== Segment start ==

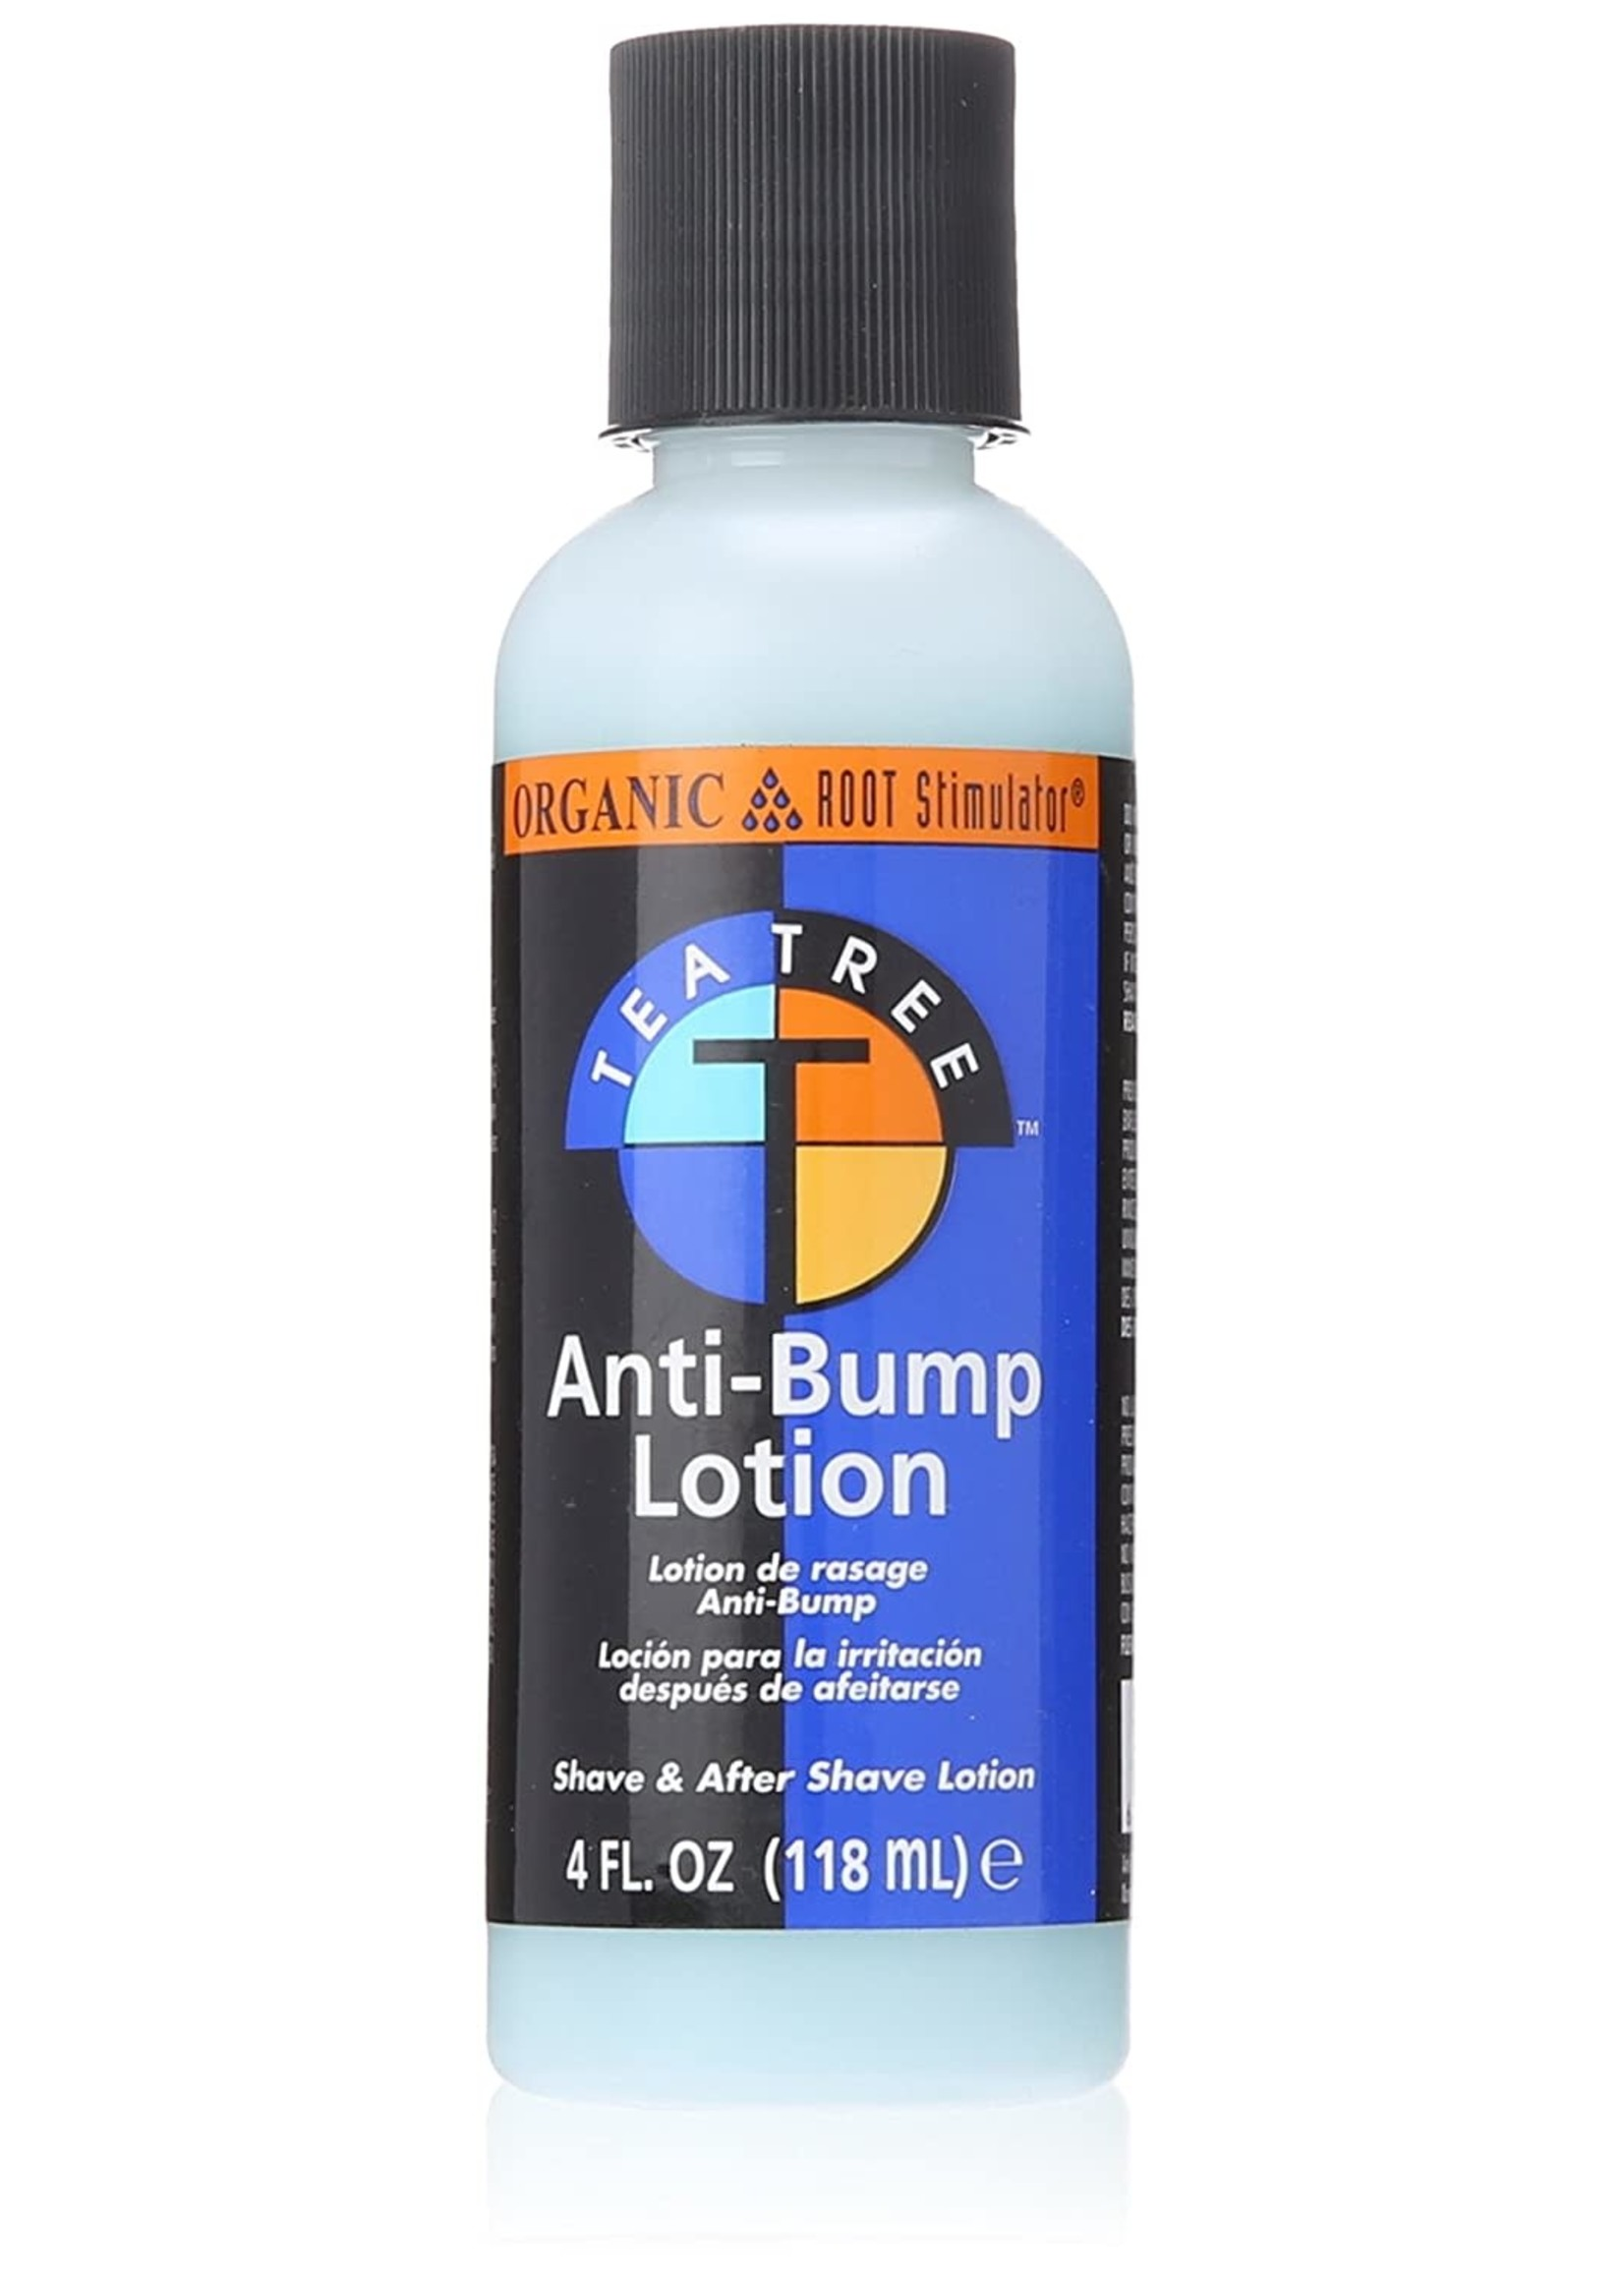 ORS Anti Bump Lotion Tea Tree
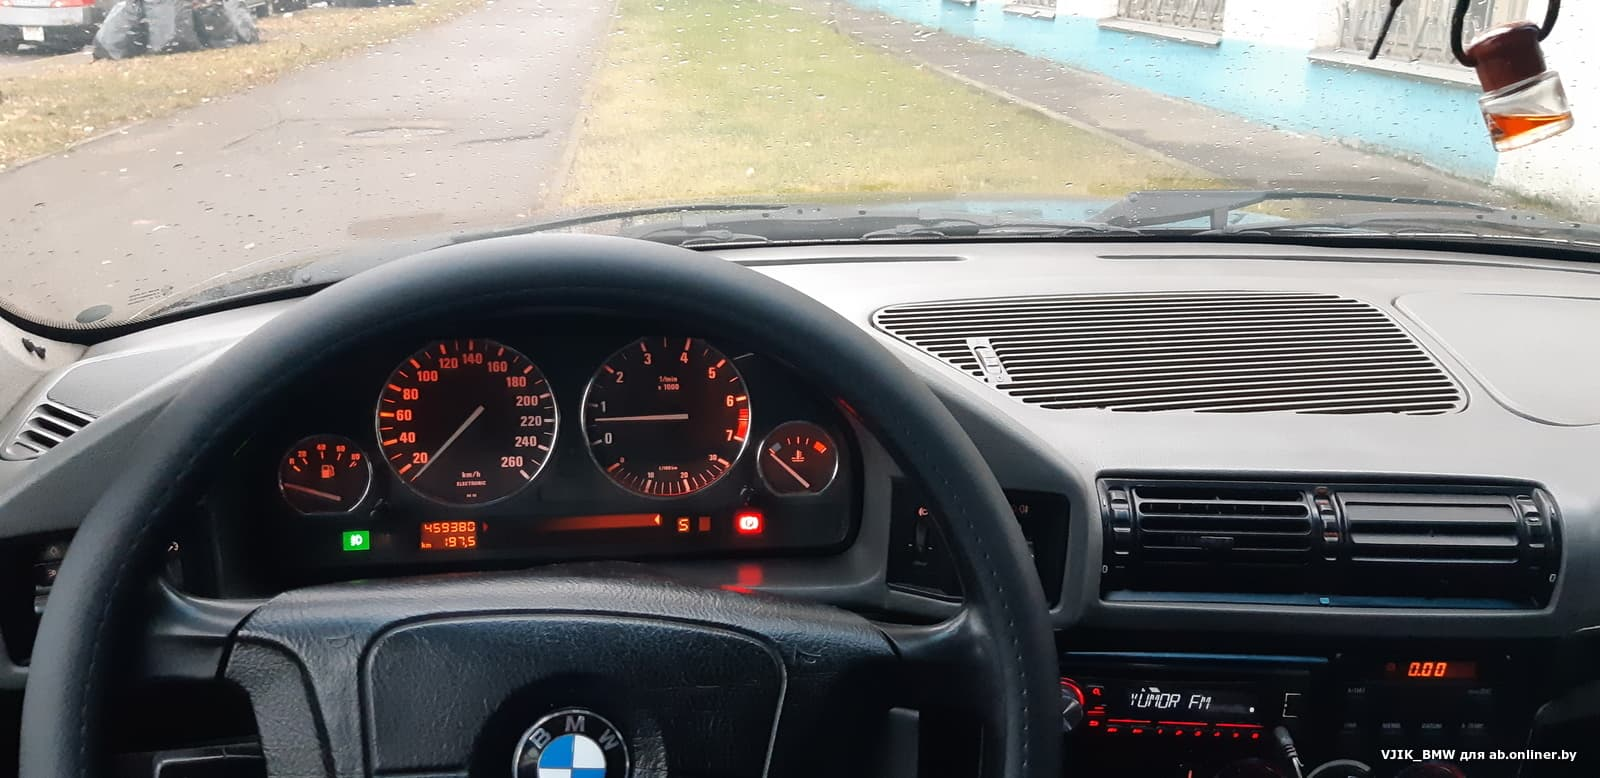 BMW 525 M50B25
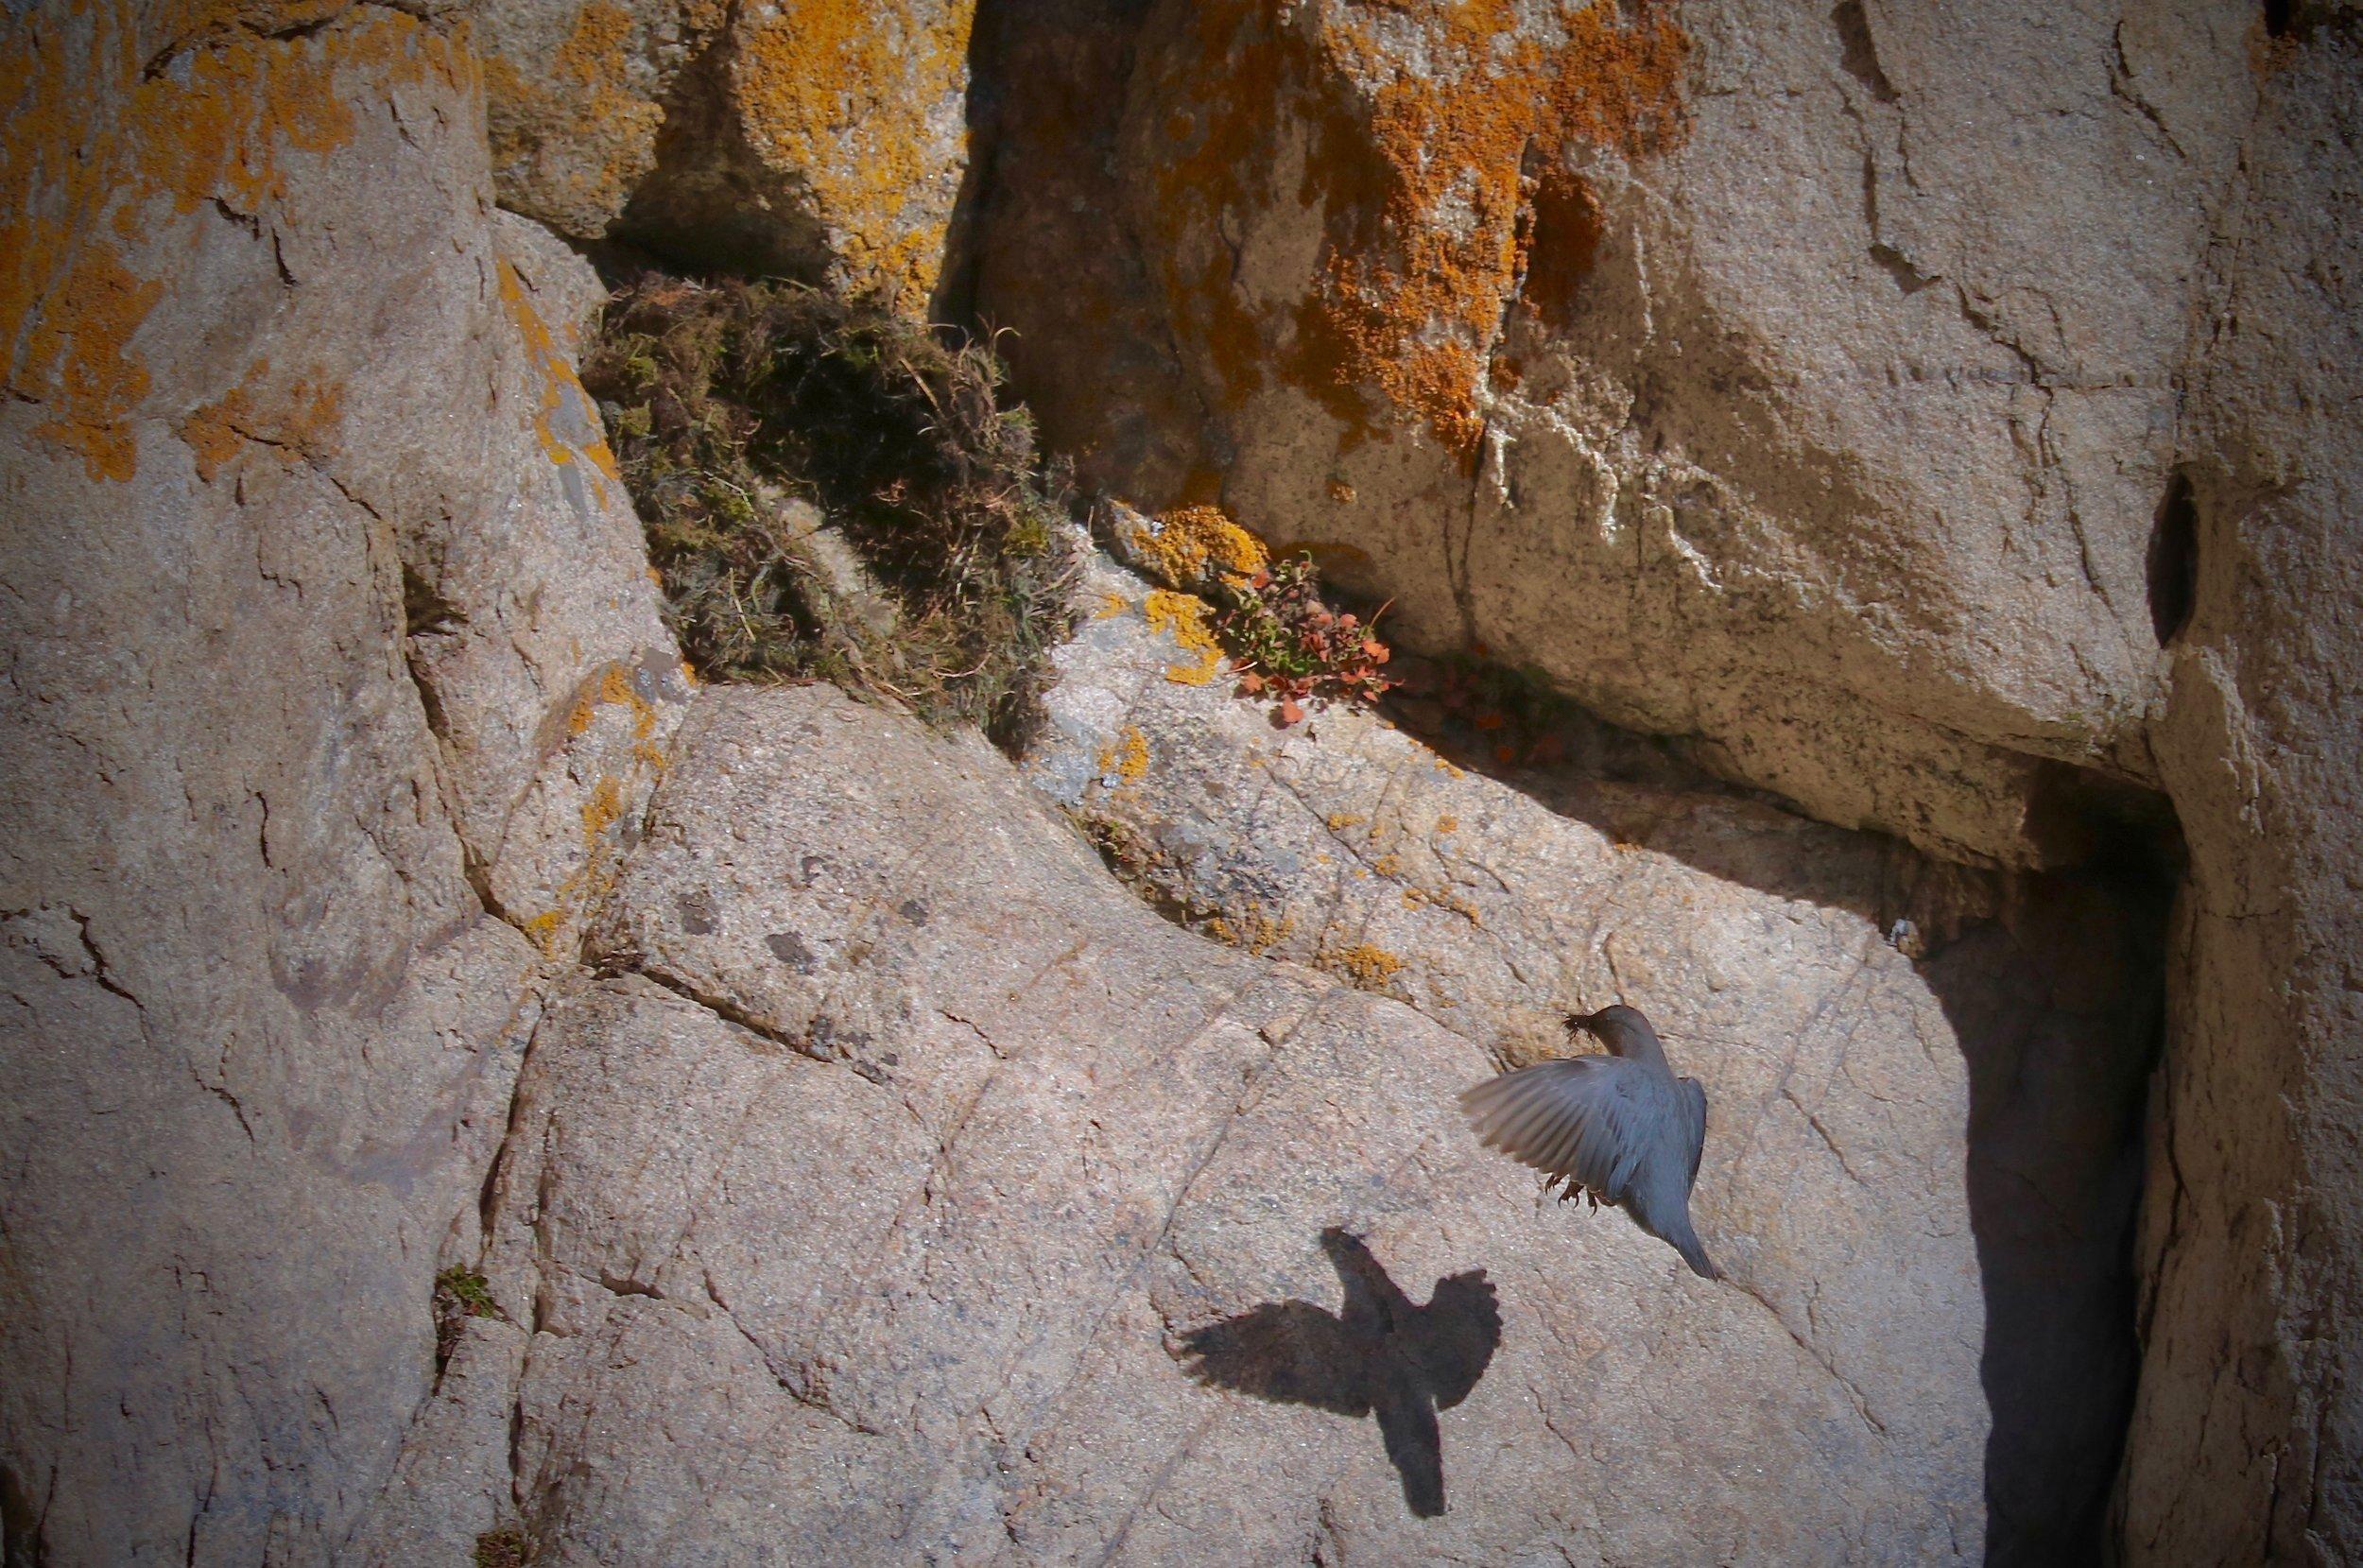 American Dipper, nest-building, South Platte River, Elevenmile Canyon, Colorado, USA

== Segment end ==

The result should be the full material above, word for word, with its pictures omitted.

Answer for the task
 ORS Anti Bump Lotion Tea Tree
 BMW 525 M50B25
 American Dipper, nest-building, South Platte River, Elevenmile Canyon, Colorado, USA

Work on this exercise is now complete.